## Problem details
Omit every picture. Return all other data as it stands.

## Recorded information
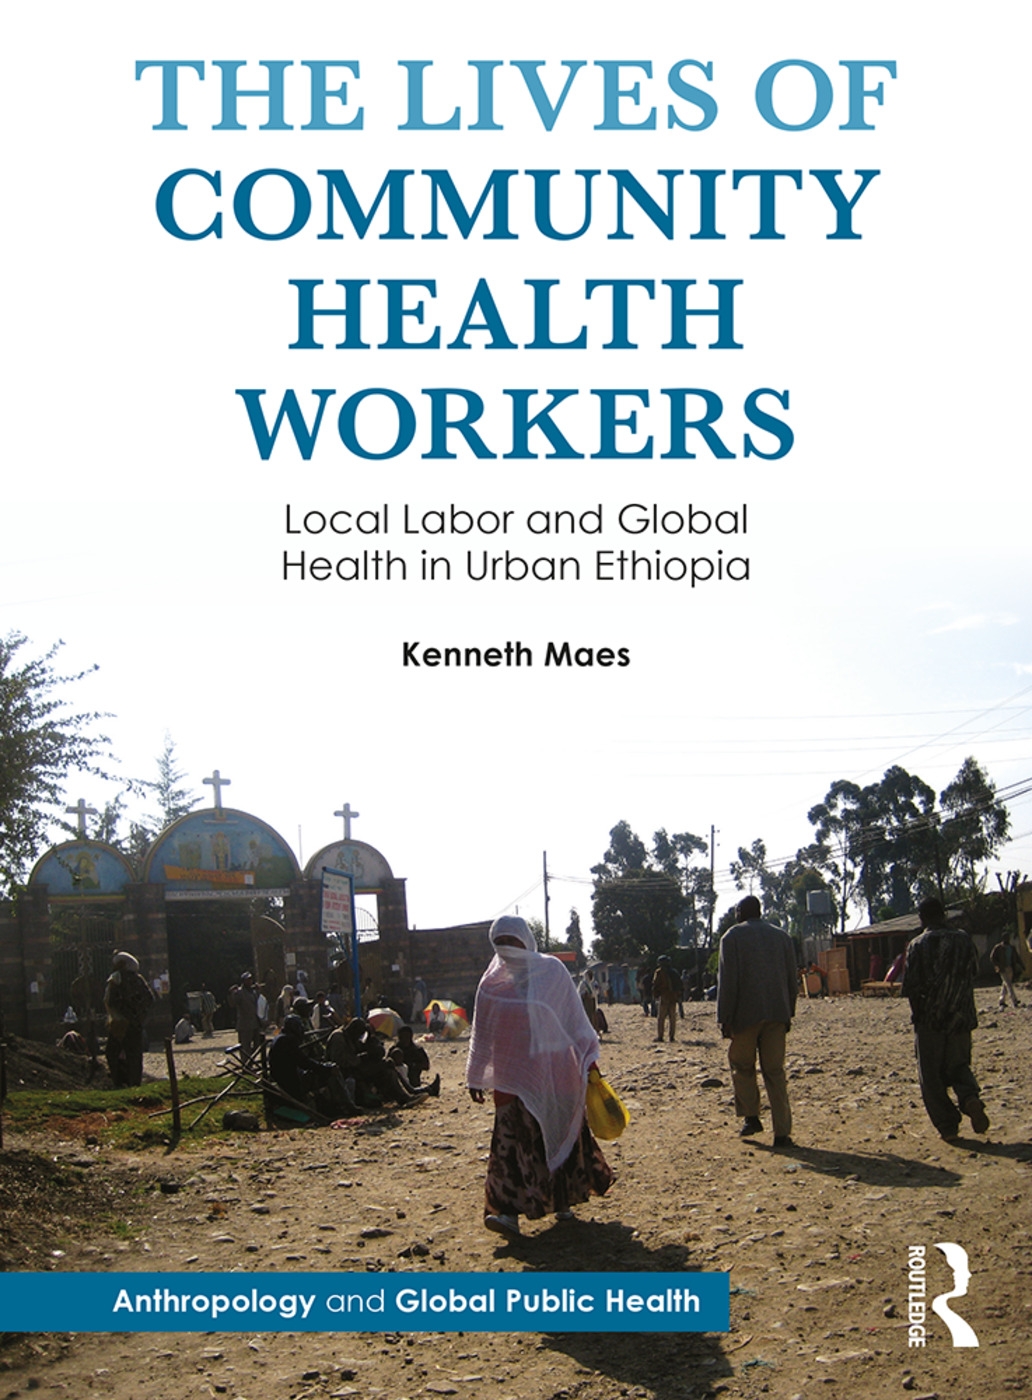 The Lives of Community Health Workers: Local Labor and Global Health in Urban Ethiopia
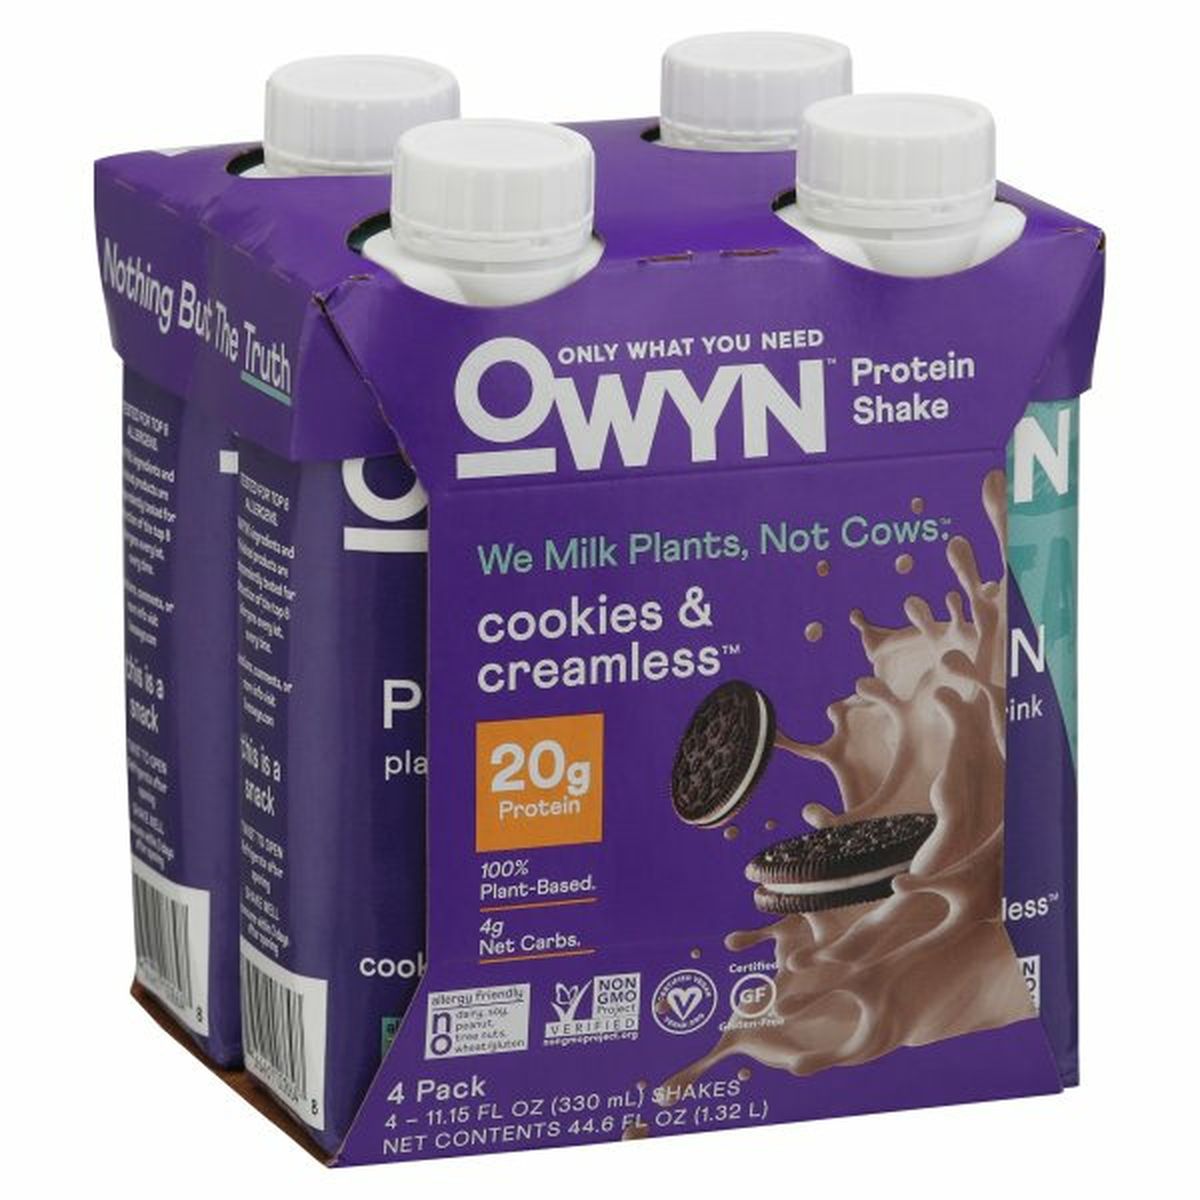 Calories in Owyn Protein Shake, Cookies & Creamless, 4 Pack
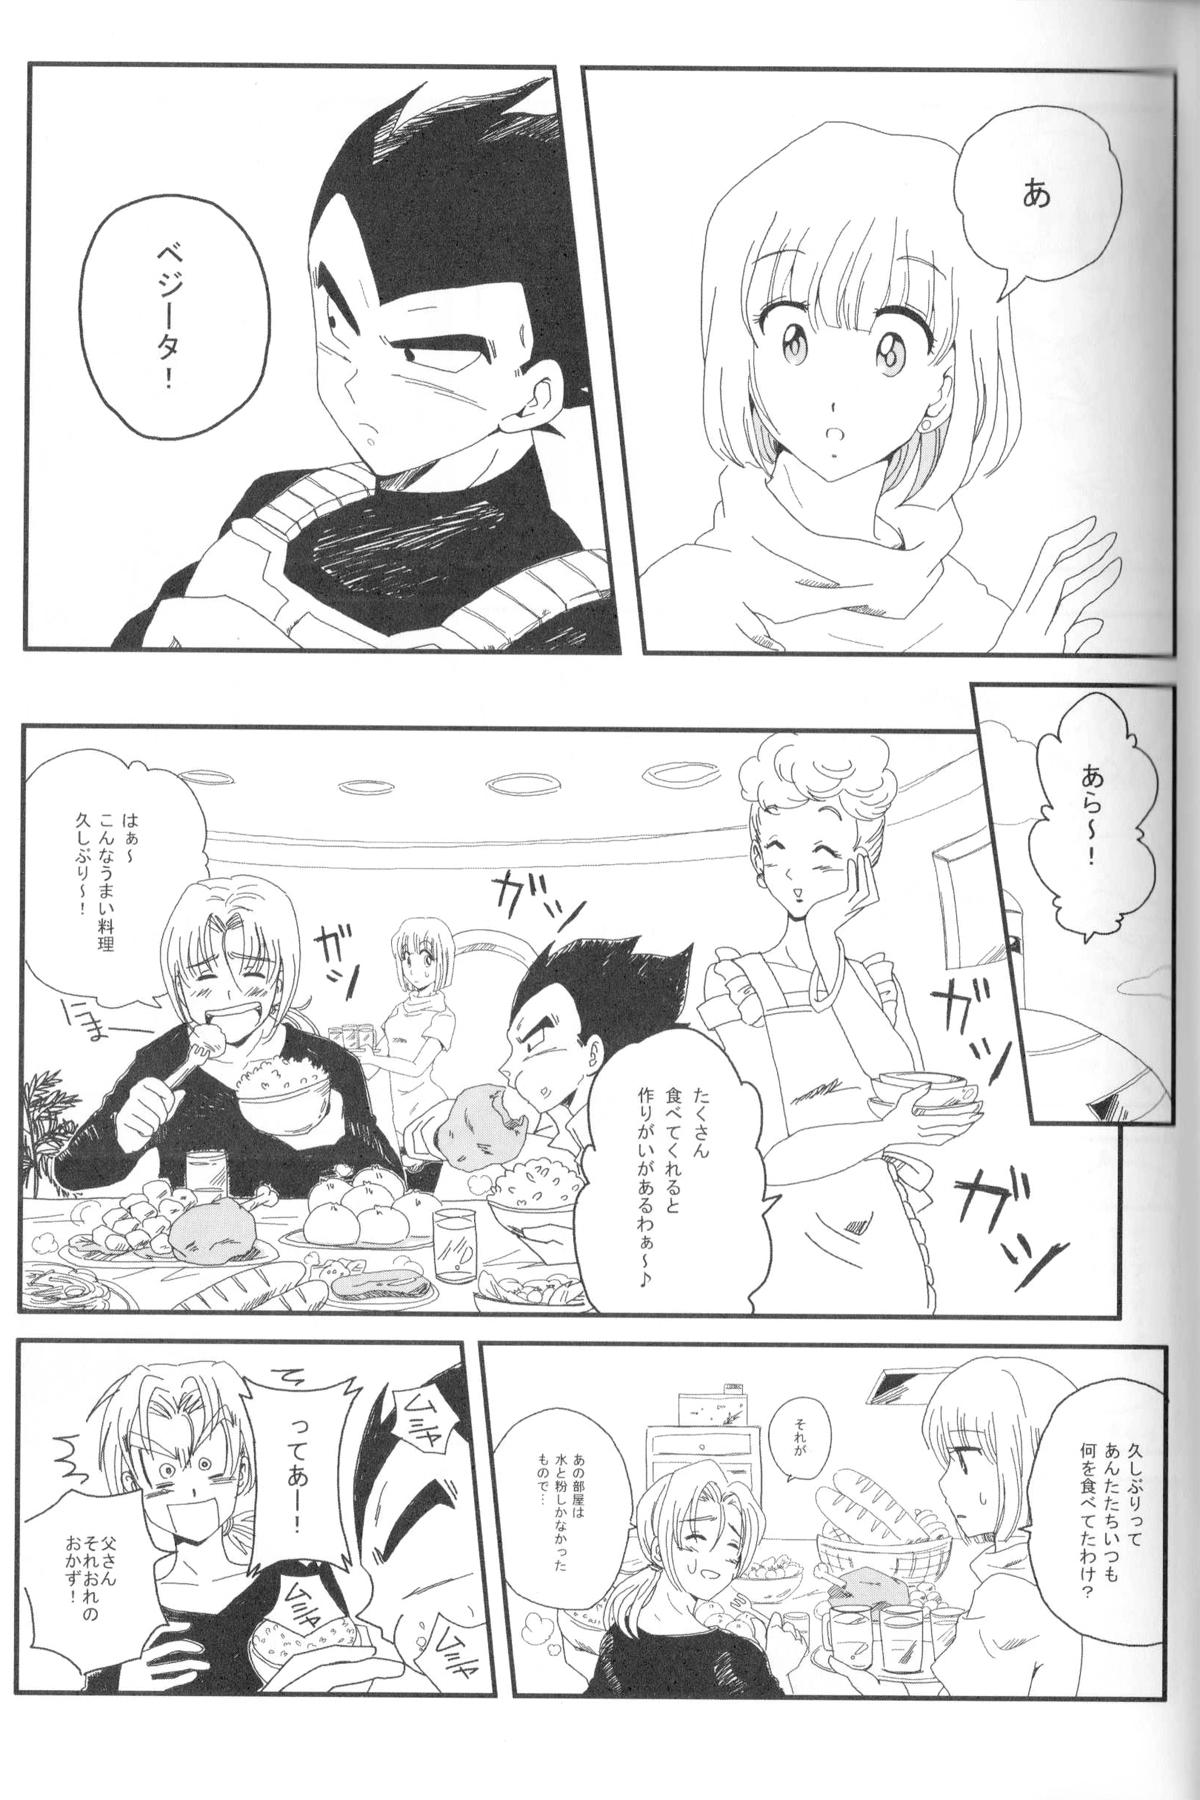 Abg Pure Love - Dragon ball z Babysitter - Page 4

## Response area
 The Lives of Community Health Workers: Local Labor and Global Health in Urban Ethiopia
 Calories in Owyn Protein Shake, Cookies & Creamless, 4 Pack
 Abg Pure Love - Dragon ball z Babysitter - Page 4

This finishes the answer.